BRANCH: boosting RNA-Seq assemblies with partial or related genomic sequences
Authors: Ergude Bao and Thomas Girke
BRANCH is a software that extends de novo transfrags and identifies novel transfrags with DNA contigs or genes of close related species. BRANCH discovers novel exons first and then extends/joins fragmented de novo transfrags, so that the resulted transfrags are more complete.
Bao E, Jiang T, Girke T (2013). BRANCH: boosting RNA-Seq assemblies with partial or related genomic sequences. Bioinformatics: epub.
1. System requirements
BRANCH is suitable for 32-bit or 64-bit machines with Linux operating systems. At least 4GB of system memory is recommended for assembling larger data sets.
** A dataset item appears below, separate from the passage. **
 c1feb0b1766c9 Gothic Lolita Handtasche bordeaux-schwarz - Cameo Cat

The LEMON graph library is required to compile and run BRANCH.
The BLAT aligner is required to run BRANCH and the modified version (distributed with BRANCH) is highly recommended.
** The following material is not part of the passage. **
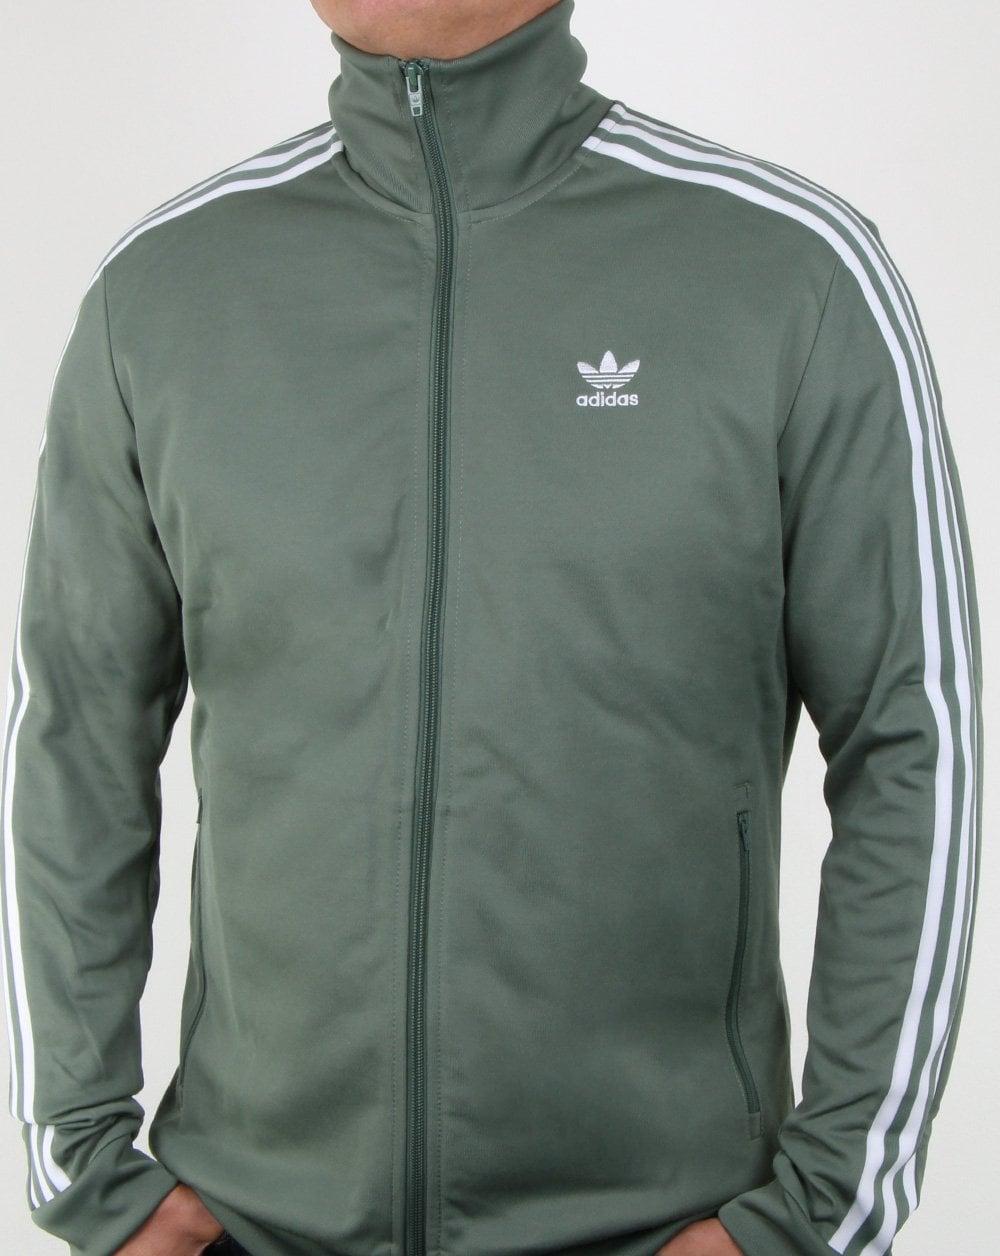 Adidas Beckenbauer Tracktop Originals Jacke Jacke Jacke

(1) Download the .cpp file.
(2) If LEMON is already installed in your system, execute the command line: g++ -o BRANCH BRANCH.cpp -lemon -lpthread;
otherwise, down load LEMON, compile it, and execute: g++ -o BRANCH -I PATH2LEMON/include BRANCH.cpp -L PATH2LEMON/bin -lpthread.
(3) To use the modified BLAT, put it to your $PATH: export PATH=PATH2BLAT:$PATH.
(1) Single- or paired-end RNA reads in FASTA format.
(2) De novo transfrags assembled by any de novo RNA assembler (Velvet/Oases, Trinity, etc.).
(3) DNA contigs assembled by any de novo DNA assembler (Velvet, ABySS, etc.) or genome/gene sequences from a closely related species.
4. Using BRANCH
--read1 is the first pair of PE RNA reads or single-end RNA reads in fasta format
--read2 is the second pair of PE RNA reads in fasta format
--transfrag is the de novo RNA transfrags to be extended
--contig is the reference DNA contigs
--transcript is the extended de novo transfrags
--insertLow is the lower bound of insert length (highly recommended; default: 0)
--insertHigh is the upper bound of insert length (highly recommended; default: 99999)
--threshSize is the minimum size of a genome region that could be identified as an exon (default: 2 bp)
--threshCov is the minimum coverage of a genome region that could be identified as an exon (default: 2)
--threshSplit is the minimum upstream and downstream junction coverages to split a genome region into more than one exons (default: 2)
--threshConn is the minimum connectivity of two exons that could be identified as a splice junction (default: 2)
--closeGap closes sequencing gaps using PE read information (default: none)
--noAlignment skips the initial time-consuming alignment step, if all the alignment files have been provided in tmp directory (default: none)
6. Important things to note
(1) Single-end reads should have the same length and are not recommended, since the quality of single-end alignment is hard to be kept.
(2) It is better to use related gene sequences rather than related genome sequences to greatly reduce run time and memory usage.
(3) Though --insertLow and --insertHigh are options, they should always be specified to generate meaning result. Suppose the insert length is I, insertLow = I - 20 and insertHigh = I + 20 would be fine.